Bert Teunissen
(1959)
Marchamos
echando atrás la vida ya vivida, la que nos sigue de cerca, acechante tras
nuestra espalda, hasta que llega el día fatídico en que tal vida extenuada nos
alcanza. Así parece suceder con la larga marcha que iniciamos en la temprana
edad: se detienen, finalmente, los pasos y se nos abre la sima tan profunda
como jamás la imaginaremos. Nos caemos dentro de lo ya vivido.
En la
casa hay lugar para la vida ya experimentada. Una estancia plena de recuerdos
de lo que ha sido nos rodea con un tan discreto y como ominoso abrazo.
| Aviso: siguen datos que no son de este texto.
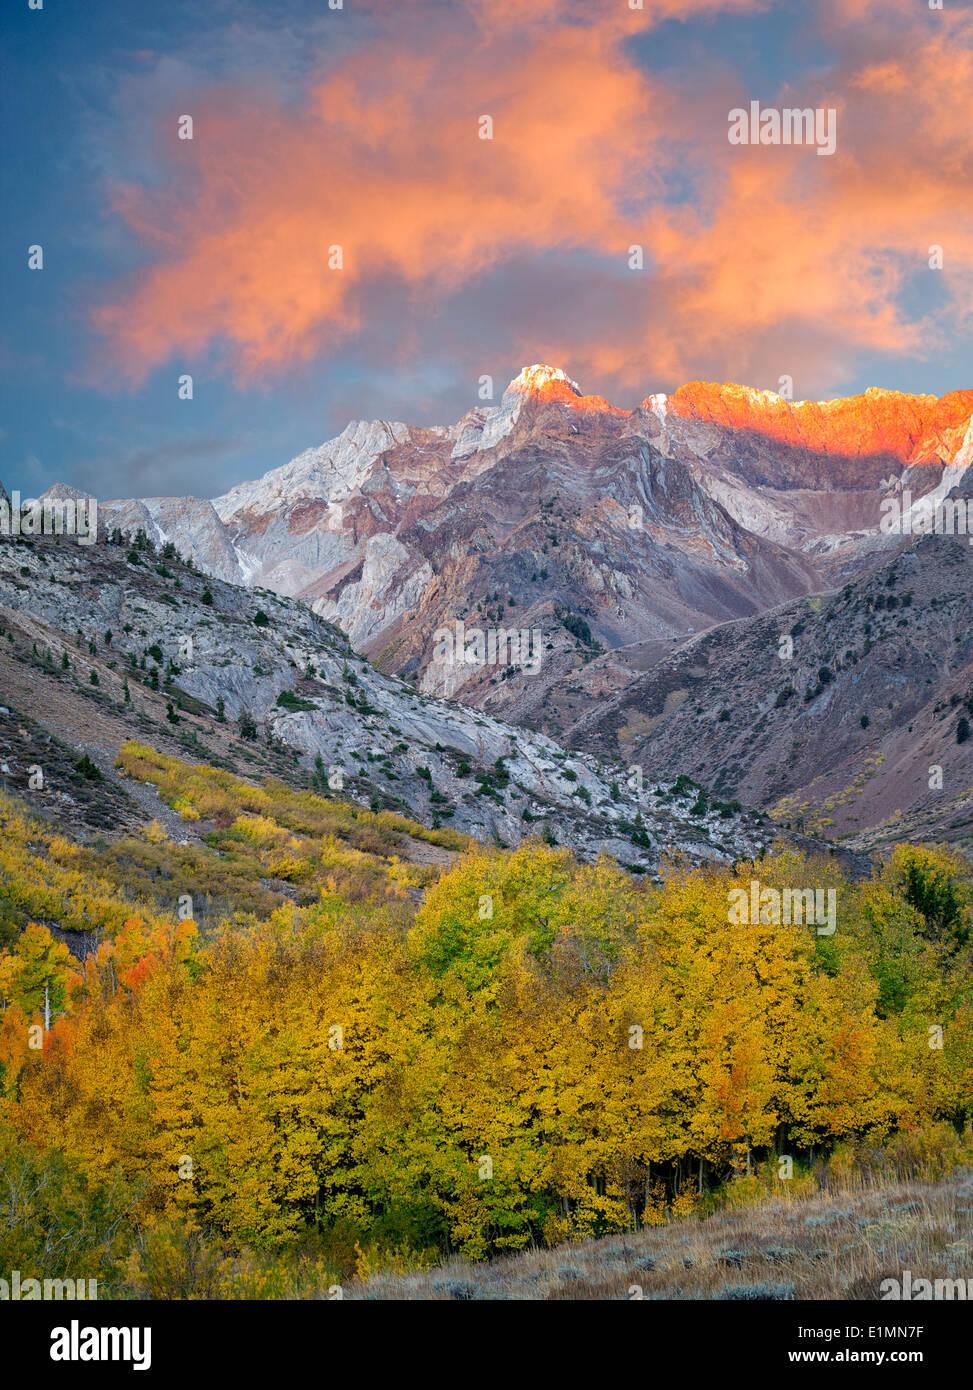 Mcgee Creek drainage avec couleur automne peupliers et trembles. L'Est de la Sierra Nevada, en Californie Photo Stock
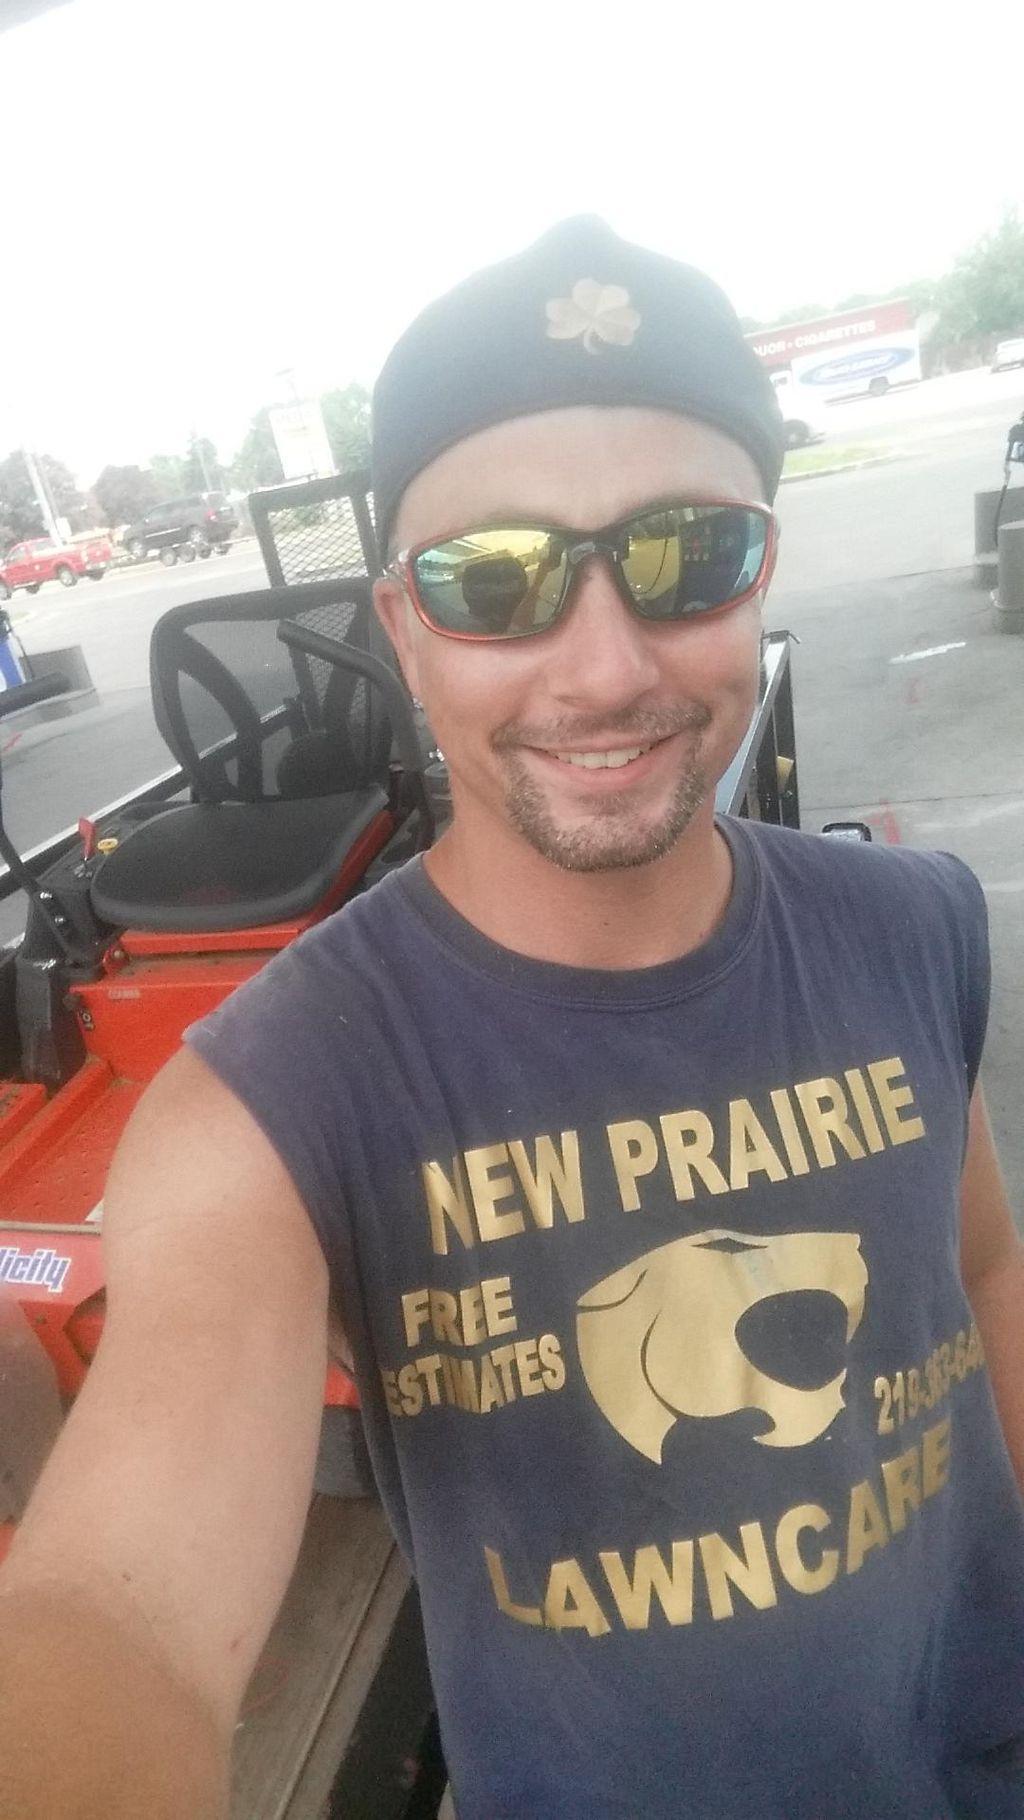 New Prairie Lawn Care

En las
honduras de la casa, en el fondo de sus cajones, atrás de los anaqueles,
aguardan las cosas que alguna vez tuvieron un significado palpitante y ahora
son relictos, piezas conexas del pasado. Sólo nosotros podemos llegar a saber
de su íntima reunión, de su peculiar sentido. Sólo que nosotros lo sabremos
siempre tarde.
Tras el
umbral de la casa hay una región no ya secreta, pero muy reservada para la
dimensión tanatotópica del habitar.
Porque la mansión de los vivos también es la casa de los fantasmas de lo que ha
sucedido. Es de cobardes y distraídos olvidarlo.